Они перешли в кухню.

Катя готовила ужин, Салтыков размышлял вслух:

– У меня еще одна мука тогда была: несчастная любовь.

– И в кого это ты?

– Не я, я в меня. Одна сокурсница. Оценила мои мозги. Некрасивая, естественно. Не так, чтобы безнадежно, в одном ракурсе из десяти – можно смотреть. Мы с ней однажды в читальном зале вместе оказались – последние. До десяти зал работал. Она подсела ко мне, что‑то такое начали говорить, я увлекся. Потом до троллейбуса ее проводил. И все. А потом она меня до смерти…

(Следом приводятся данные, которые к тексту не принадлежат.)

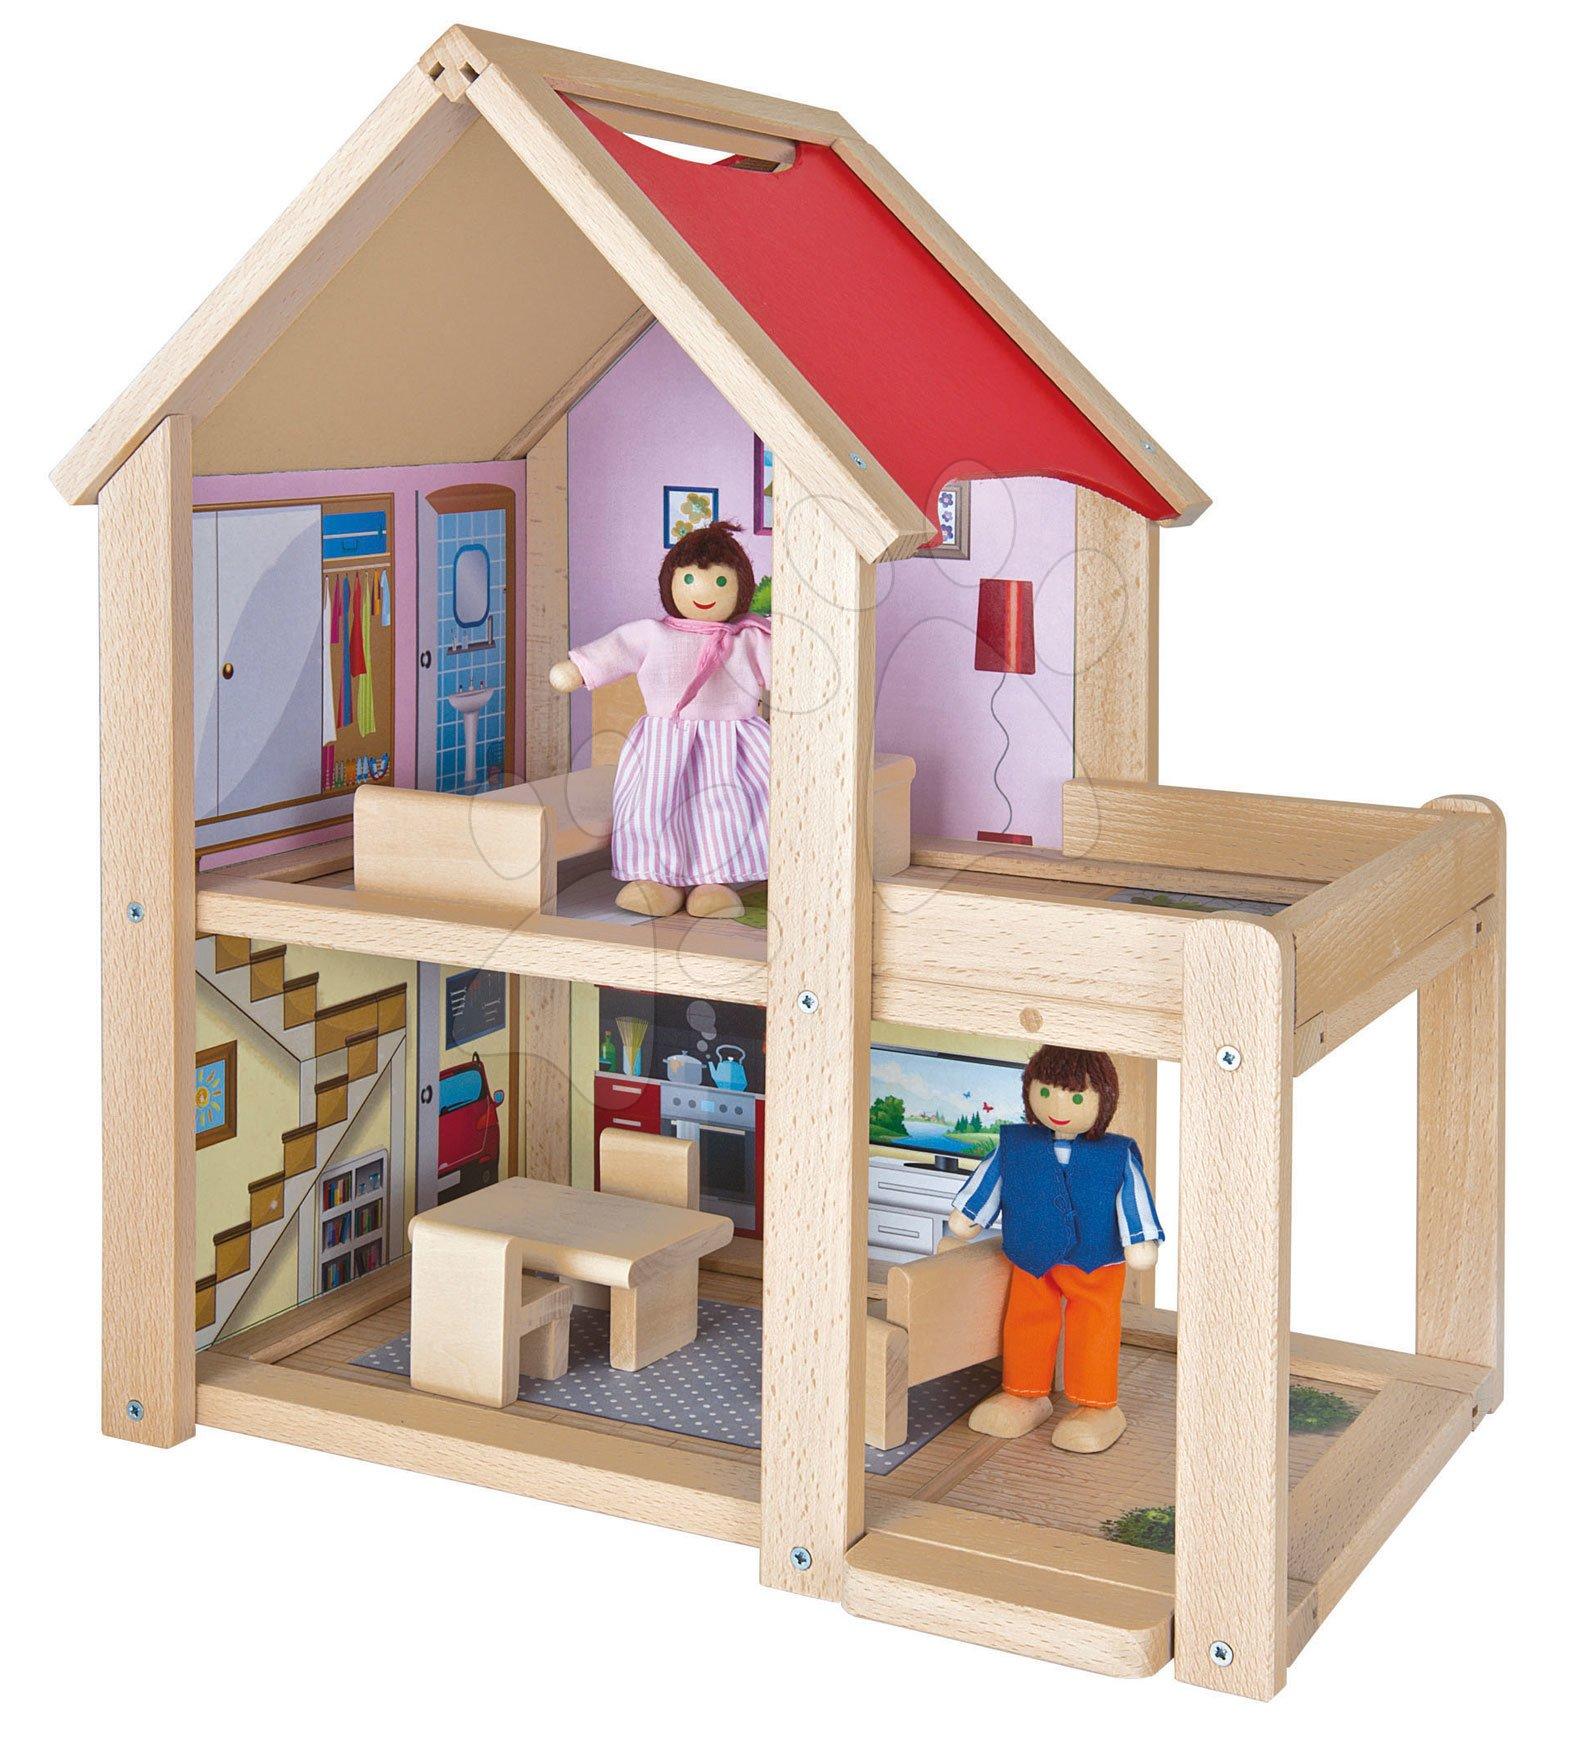 Căsuță din lemn pentru păpuși Doll's House Eichhorn complet echipat cu mobilier și 2 figurine înălțime 41 cm

– Да выругайся, если уж хочется.

– Задолбала, так скажем. Как муха вокруг вьется: жу‑жу‑жу, жу‑жу‑жу! И так года три.

– Терпение у тебя!

– Именно. Но тут у меня с одной девушкой началось… Романчик такой.

– А подробнее?

– Да ничего особенного.

На самом деле нечто особенное было в том романчике: Салтыкову долго не везло с девушками, и вот попал в новогоднюю компанию, оказался в запертой комнатушке с красоткой Надюшей, а Надюша славилась тем, что умела влюбляться в того, с кем оказывалась наедине, но не надолго, на вечер, на ночь – она была поблядушка в чистом виде, любила это дело как таковое. Салтыков прикипел к ней все душой, Надюша по доброте своей позволяла себя иметь, сама одновременно встречаясь с кем попало, лишь бы весело и выпивка (спилась потом, бедняжка), наградила Салтыкова гонореей, тот Надюшу не упрекал, просто сообщил виноватым голосом: дескать, извини, но, похоже, у меня от тебя. Надюша извинила и сказала, что надо не запускать, лечиться.

И с той поры повелось: Салтыкова влекло всегда к девушкам самого легкого пошиба. Во времена, когда появилась открытая и легальная (фактически) проституция, для него это был наилучший выход. Салтыков копил деньги и раз в неделю покупал себе кого‑нибудь, учитывая, что цены тогда были умеренные, а девушки симпатичные, свежие, молоденькие. Потом цены стали расти, девушки стареть и стерветь, романтика бизнеса превратилась в потогонную, унылую, чисто производственную систему, без души, без огонька. Кое‑где сохранялась еще видимость свежести и красоты, но за отдельные деньги. Салтыков не мог отстать от своего занятия, поэтому, помимо преподавания в университете, подрабатывал репетиторством, не брезговал помощью в написании кандидатских и докторских диссертаций, заодно досидев наконец и свою работу, посвященную публицисту и критику последней четверти ХХ века Глебу Голобухову. Он мог бы двинуться дальше в науку или карьеру, но это требовало слишком много усилий при не очень‑то выигрышном результате.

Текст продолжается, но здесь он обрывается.